LawFlash

Disclosure Amid COVID-19: Notable SEC Public Statement Focuses on Underlying Public Policy

April 16, 2020

A recent US Securities and Exchange Commission statement stressed the importance of disclosure and highlighted its role in the national effort to foster a meaningful, responsible increase in economic activity. In light of the coronavirus (COVID-19) pandemic and its effect on national and global economies, public companies should take a careful look at the impact of these circumstances on their disclosure obligations under federal securities laws.

Company disclosure is an essential tool for efficient markets and enables the US Securities and Exchange Commission (SEC) to advance its mission to maintain market integrity, facilitate capital formation, and protect investors. In a constantly evolving environment, the substance of such disclosures and the manner in which companies can satisfy their disclosure obligations and preserve the health and safety of workers and customers—and even further national and local crisis mitigation efforts—require ongoing, dynamic consideration.

This LawFlash addresses various disclosure-specific issues to be considered against the backdrop of COVID-19, and is one of a series focused on COVID-19’s impact on corporate governance, including the duties and actions of boards and committees.

For more discussion on corporate governance, mergers and acquisitions, securities, and myriad other issues companies and individuals face during the crisis, visit our Coronavirus COVID-19 resource page.

QUARTERLY REPORTS

With the first quarter of the calendar year now behind us, many companies are in the midst of preparing for their quarter-end disclosures. Historically, quarter-end filings and reports, including earnings reports and Forms 10-Q, have utilized primarily historical quantitative data (i.e., balance sheets, income statements, cash flow statements) as key predictors of future performance.
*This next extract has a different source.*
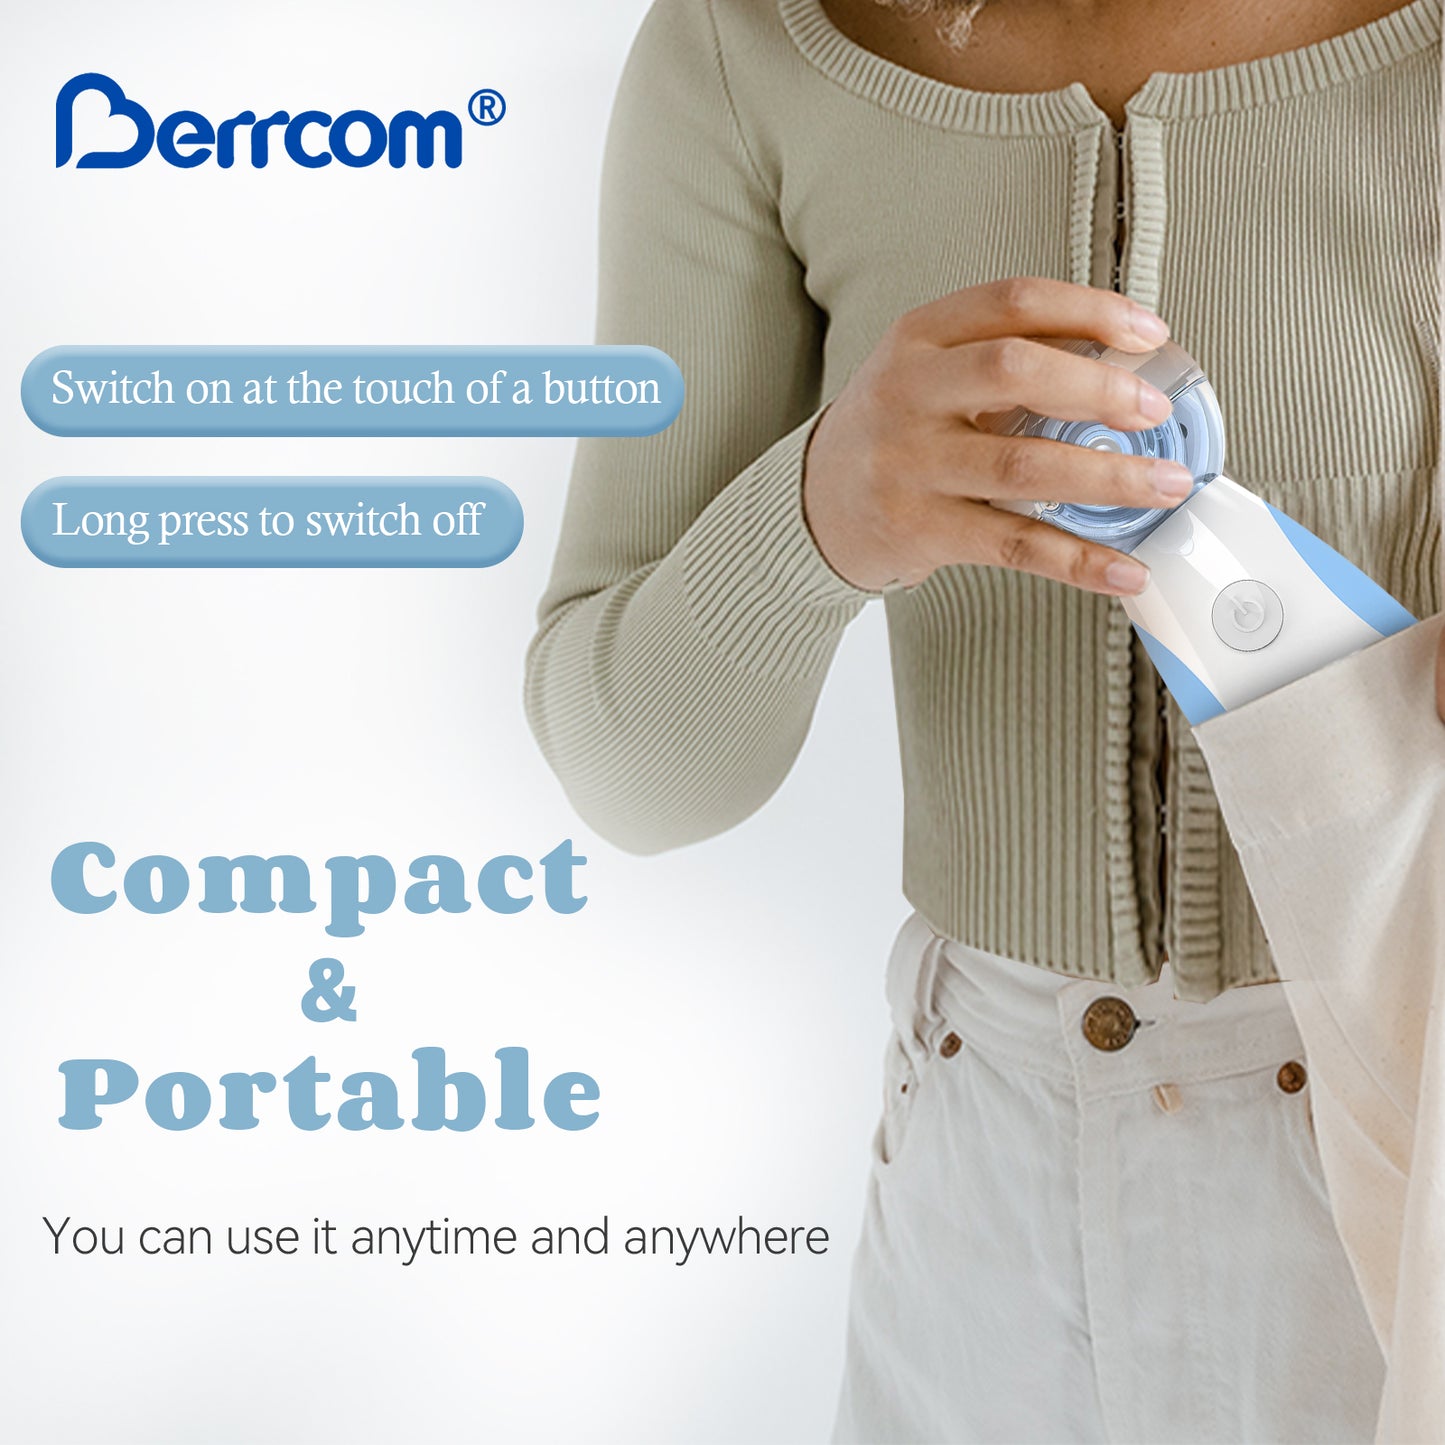 Berrcom Portable Nebulizer Machine for Adults and Kids Handheld Nebulizer for Home and Travel Use, Silent, Efficient Atomization and Easy to Use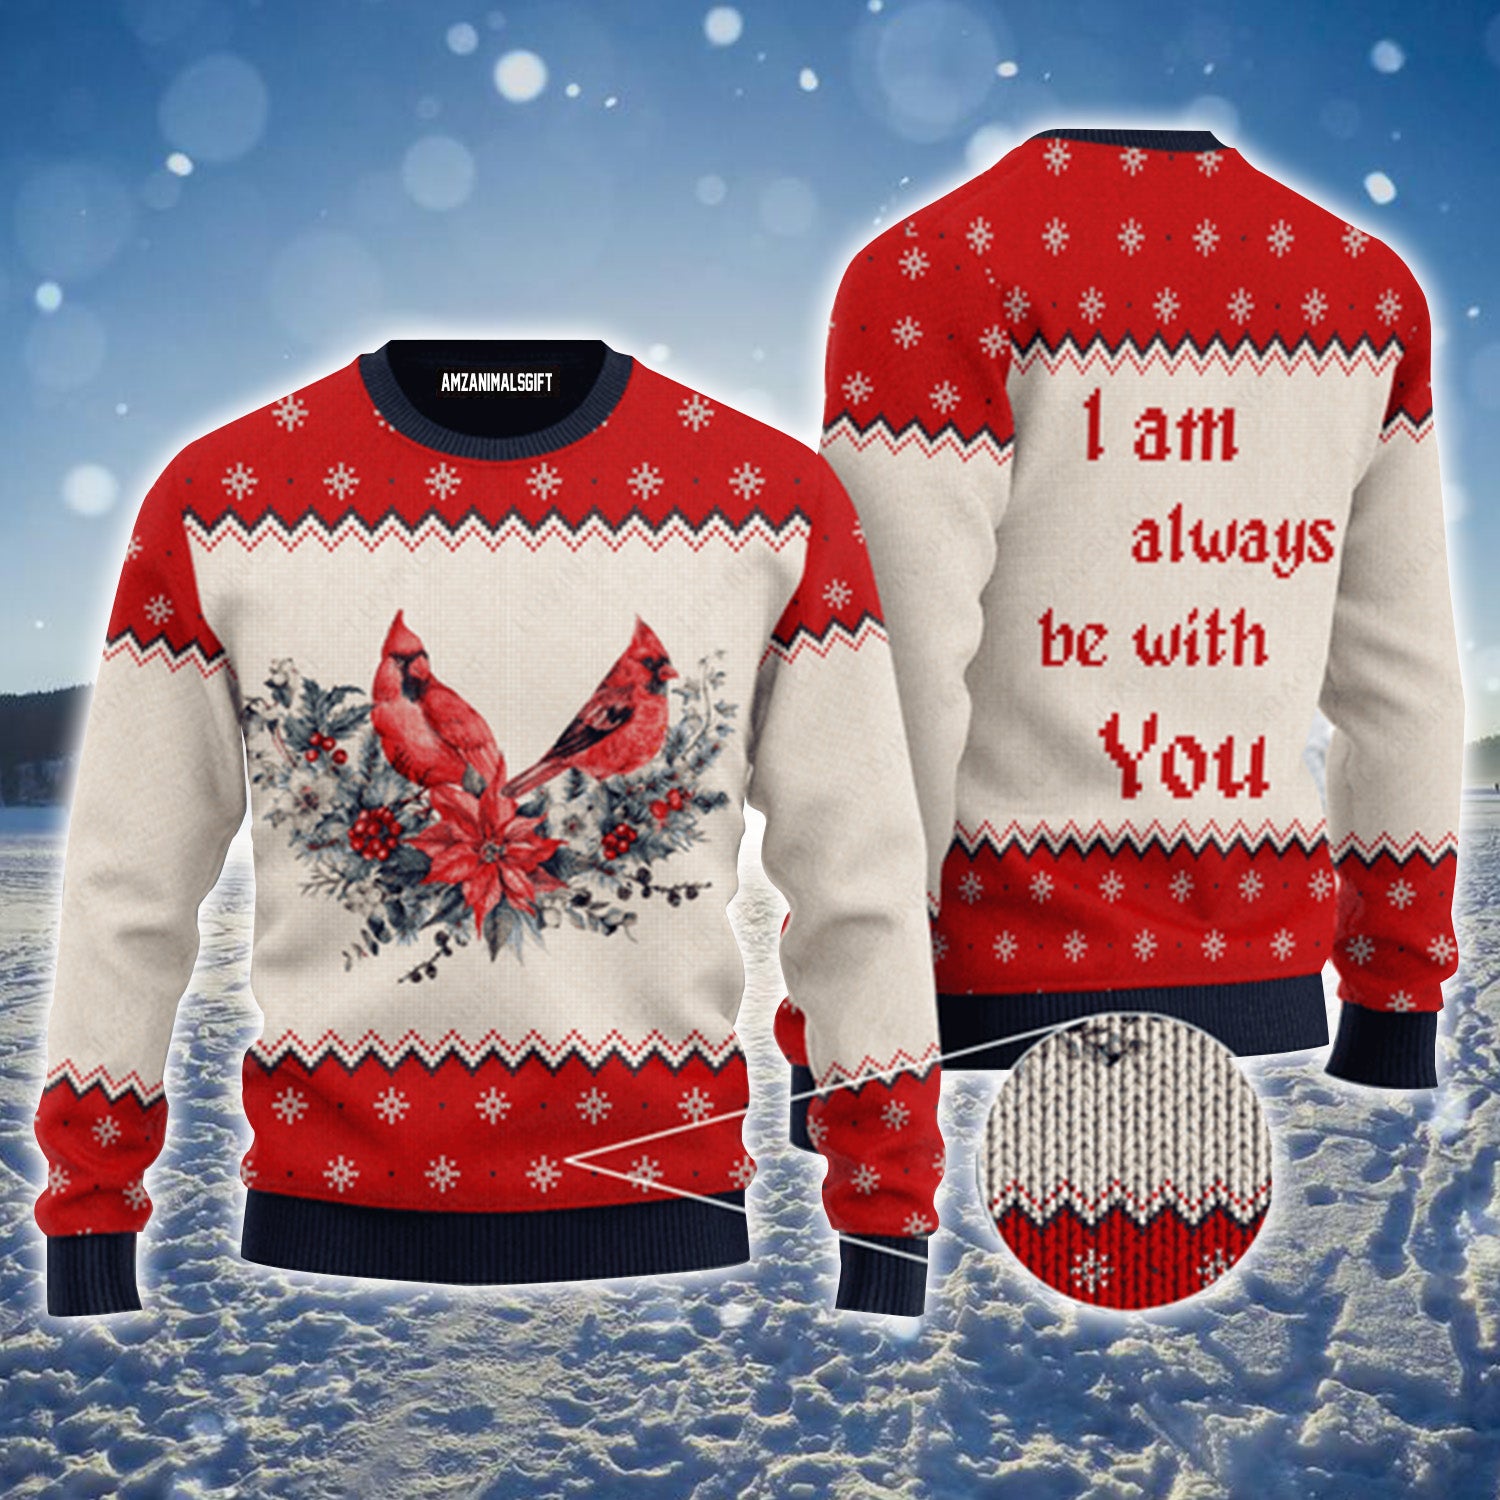 Christmas Snow Cardinal Wool Knitted Pattern Urly Sweater, Christmas Sweater For Men & Women - Perfect Gift For Christmas, New Year, Winter

However, COVID-19 may mandate a change in approach.

Impact of COVID-19

In an April 8 Public Statement (Public Statement), SEC Chairman Jay Clayton and Division of Corporation Finance (DCF) Director William Hinman focused not only on typical themes in discussing the value of robust disclosure, but also went beyond this perspective by speaking to the manner in which public company disclosure can play a part in the overall national effort to foster a meaningful, responsible increase in economic activity.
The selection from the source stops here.